From the historic campus of Hillsdale College in Hillsdale, Michigan, where the good, the true, and the beautiful are taught, nurtured, and honored, this is the Radio Free Hillsdale Hour, bringing the activity and education of the college to listeners across the country.

0:25.3

Perhaps a better comeback, though, came from Kane's own student and acolyte, Joan Robinson.

0:31.8

And she replied when he said in the long run, we're all dead. Yes, Maynard, but we don't all die at the same time.

0:38.7

This is your host, Scott Bertram.

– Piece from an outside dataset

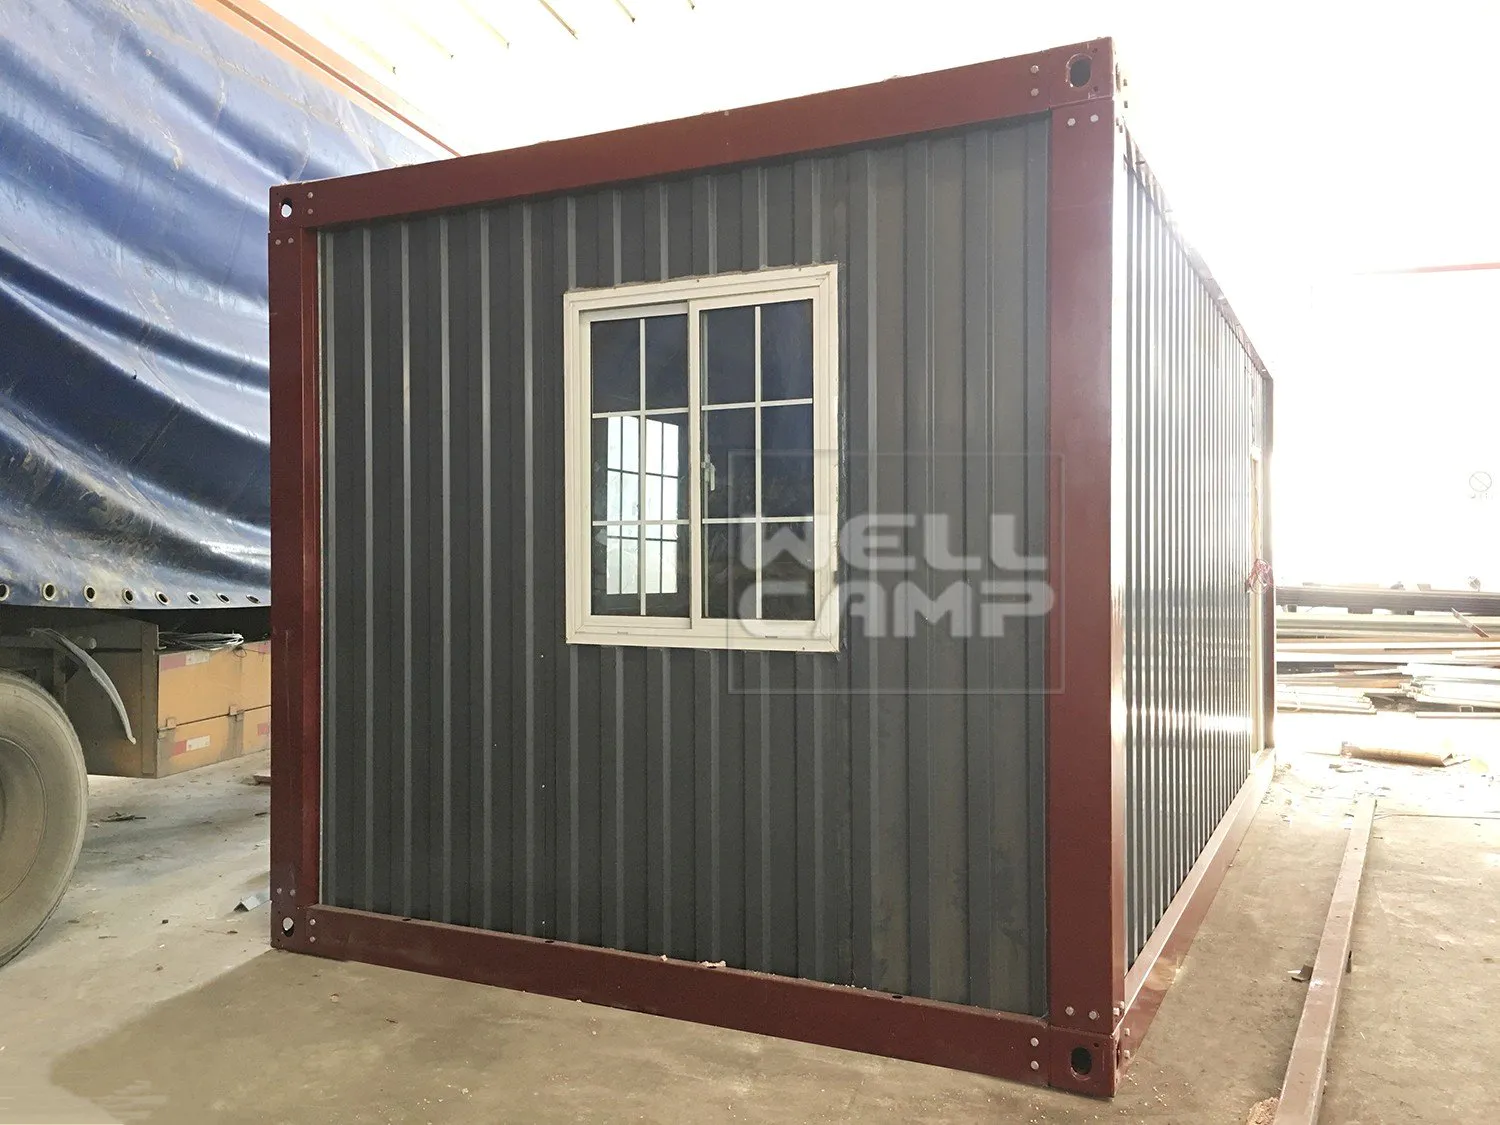 portable prefab container house online for renting

And that's Dr. Charles Steele, our first guest on today's program.

0:44.7

Dr. Steele is Chairman of Economics, Associate Professor of Economics, and Hermannay and

0:50.6

Suzanne S. Detweiler chair in economics at Hillsdale College.

0:55.1

Dr. Steele, thanks for joining us.

0:56.7

Happy to be here.

0:57.7

Dr. Steele, with the recent stimulus bills and the spending proposed by the Biden administration,

1:03.8

we once again are hearing the name of John Maynard Keynes and the school of economics called

1:08.4

Keynesianism.

1:10.1

First, please tell us, who was John Maynard Keynes?

1:13.7

How did he develop his theories?

1:16.4

John Maynard Keynes, I think, was easily the most influential economist of the 20th century.

1:23.6

He was a brilliant man.

1:25.7

He was a student of mathematics at Cambridge University in the UK. He took one course in economics in his life from Alfred Marshall, one of the greatest economists who ever lived. Marshall was extremely impressed with him. And Keynes ended up as a professor of economics at Cambridge.

1:45.7

He also served as Chancellor of the Exchequer.

1:49.4

He was a part of the British delegation that went to the Treaty of Versailles and negotiated that.

1:56.7

Keynes actually was against the treaty.

1:59.1

He argued that it would probably have bad repercussions.

2:02.1

It was too harsh on Germany.

2:03.8

And thought it might cause trouble in the future, and maybe he was right.